Short-term outcomes of laparoscopic ventral rectopexy for obstructed defecation in patients with overt pelvic structural abnormalities-a Chinese pilot study.

作者信息

Ye G Y, Wang Z, Matzel K E, Cui Z

机构信息

Department of Gastrointestinal Surgery, School of Medicine, Ren Ji Hospital, Shanghai Jiao Tong University, 145 Shandong Road, Shanghai, China.

Department of General and Visceral Surgery, Section of Coloproctology, Friedrich-Alexander-University Erlangen-Nuremberg, Krankenhausstraße, 12, 91054, Erlangen, Germany.

出版信息

Int J Colorectal Dis. 2017 Sep;32(9):1337-1340. doi: 10.1007/s00384-017-2815-7. Epub 2017 Apr 13.

Abstract

AIM

As laparoscopic ventral rectopexy (LVR) gained increasing popularity in the past decade, studies from non-western area remain rare.
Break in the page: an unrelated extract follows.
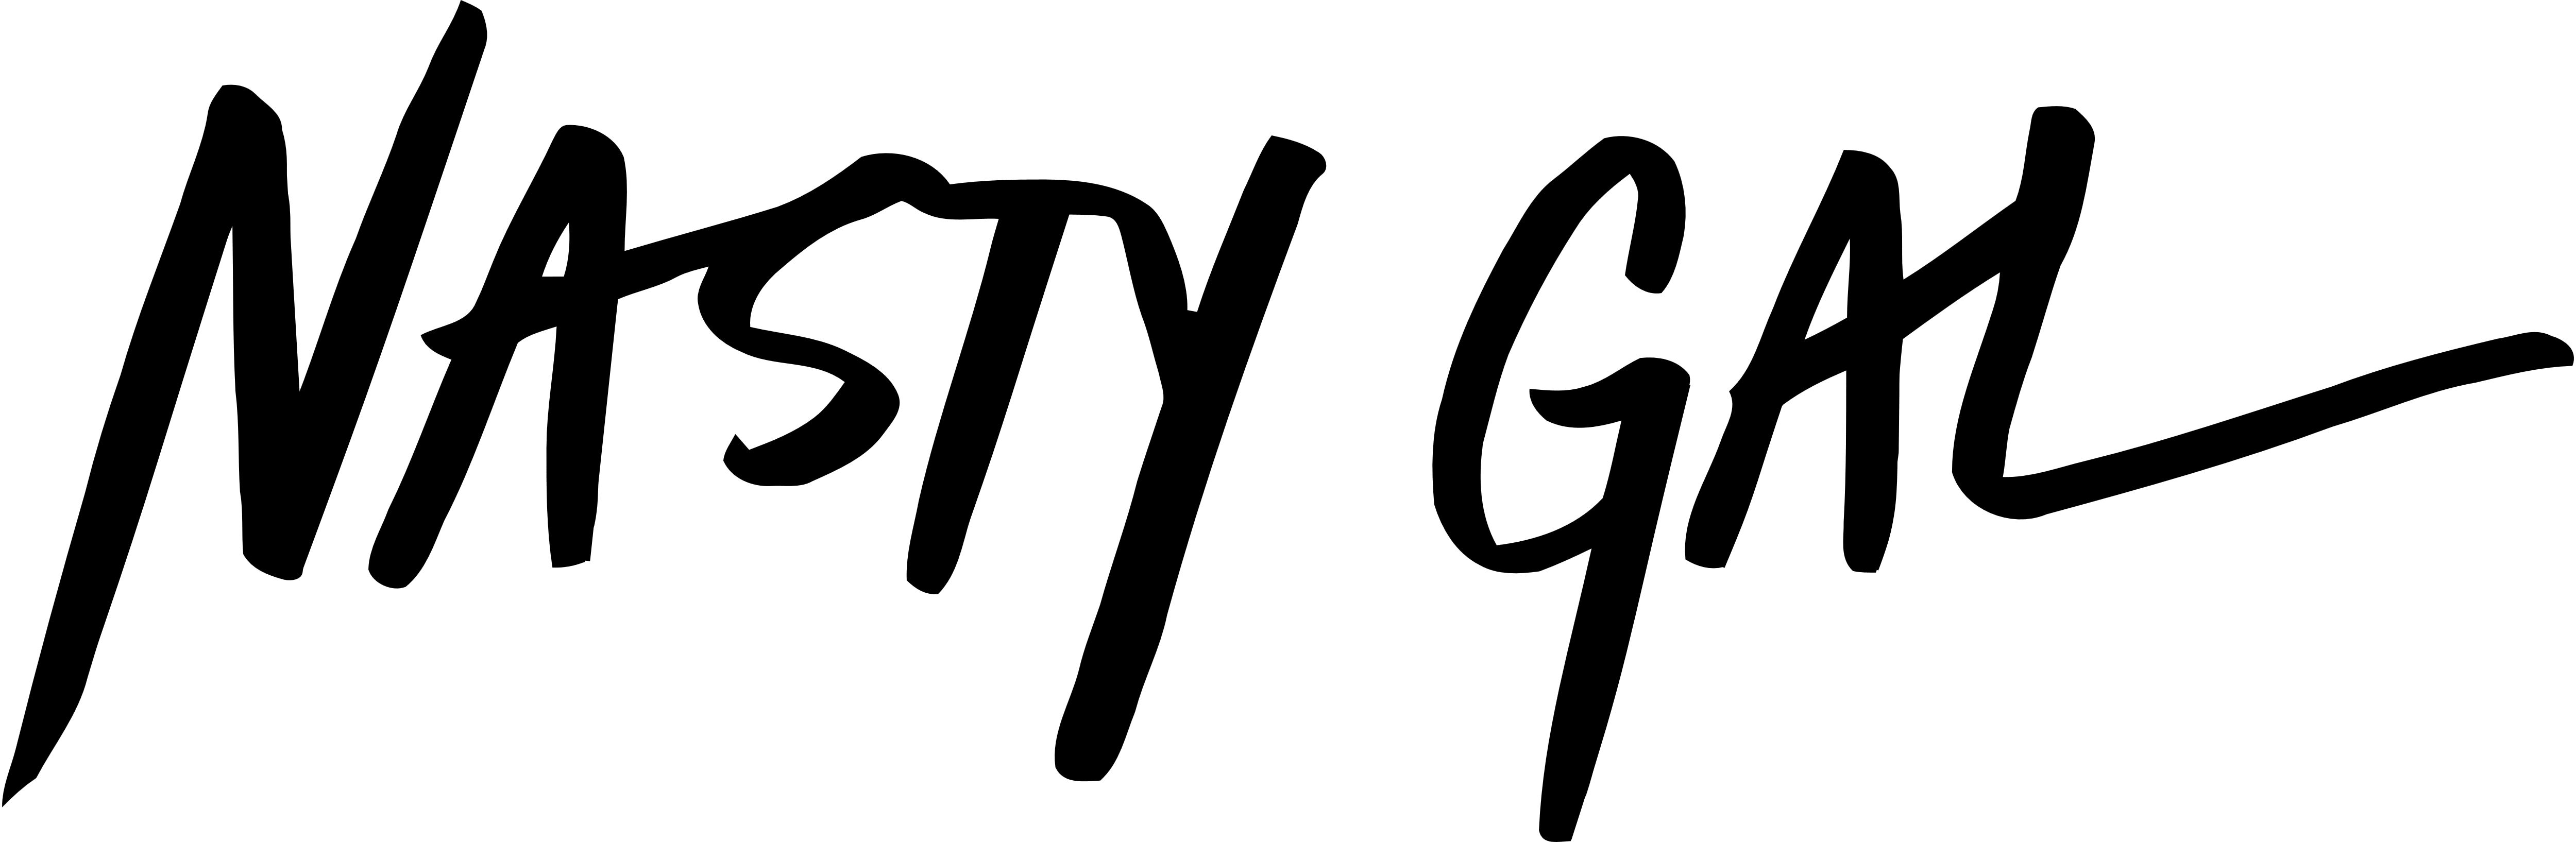 Gal Logo - Nasty Gal – Logos Download

The aim of this pilot study is to evaluate the efficacy and safety of LVR for obstructed defecation (OD) in Chinese patients with overt pelvic structural abnormalities.

METHODS

A series of 19 consecutive patients is presented undergoing LVR for OD. All patients showed various forms of pelvic structural abnormalities which were verified by dynamic defecography exam. Data was prospectively recorded and the functional outcomes were evaluated using the Cleveland Clinic Constipation Score (CCCS) and Patients Assessment of Constipation Quality of Life Score (PAC-QoL).

RESULTS

Pelvic structural abnormalities of the 19 patients included external rectal prolapse (ER) in 10.5% (2/19), high grade internal rectal prolapse (IR) in 57.8% (11/19), rectocele in 52.6% (10/19), enterocele in 15.7% (3/19), cystocele/vaginal prolapse in 15.7 (3/19), descending perineum (DP) in 63.5% (12/19). 89.4% patients (17/19) showed at least two co-existed abnormalities and 15.7% (3/19) showed multicompartmental abnormalities. The mean follow-up was 9 months (range 1-18). No mesh-related complication was observed. At last available follow-up (LAFU), improvement of OD symptom was observed in 15 (78.9%) patients, the mean scores of CCCS decreased from 17 to 10 (p < 0.05), all four subsets of PAC-QoL scores improved, and three of them (physical discomfort, worries and concerns, satisfaction) showed statistical significance (p < 0.05).

CONCLUSION

Laparoscopic ventral rectopexy appears to be a safe and effective procedure for obstructed defecation in Chinese patients with overt pelvic structural abnormalities in short-term follow-up.

摘要

目的

在过去十年中,随着腹腔镜直肠前壁固定术(LVR)越来越受欢迎,来自非西方地区的研究仍然很少。本初步研究的目的是评估LVR治疗中国有明显盆腔结构异常的排便障碍(OD)患者的疗效和安全性。

方法

介绍了一系列连续19例接受LVR治疗OD的患者。所有患者均表现出各种形式的盆腔结构异常,经动态排粪造影检查证实。前瞻性记录数据,并使用克利夫兰诊所便秘评分(CCCS)和患者便秘生活质量评估评分(PAC-QoL)评估功能结局。

结果

19例患者的盆腔结构异常包括10.5%(2/19)的直肠外脱垂(ER)、57.8%(11/19)的高度直肠内脱垂(IR)、52.6%(10/19)的直肠膨出、15.7%(3/19)的肠膨出、15.7%(3/19)的膀胱膨出/阴道脱垂、63.5%(12/19)的会阴下降(DP)。89.4%的患者(17/19)至少存在两种并存异常,15.7%(3/19)表现为多腔室异常。平均随访9个月(范围1-18个月)。未观察到与网片相关的并发症。在最后一次有效随访(LAFU)时,15例(78.9%)患者的OD症状得到改善,CCCS的平均评分从17降至10(p<0.05),PAC-QoL评分的所有四个子集均有所改善,其中三个子集(身体不适、担忧和关注、满意度)具有统计学意义(p<0.05)。

结论

在短期随访中,腹腔镜直肠前壁固定术似乎是治疗中国有明显盆腔结构异常的排便障碍患者的一种安全有效的手术方法。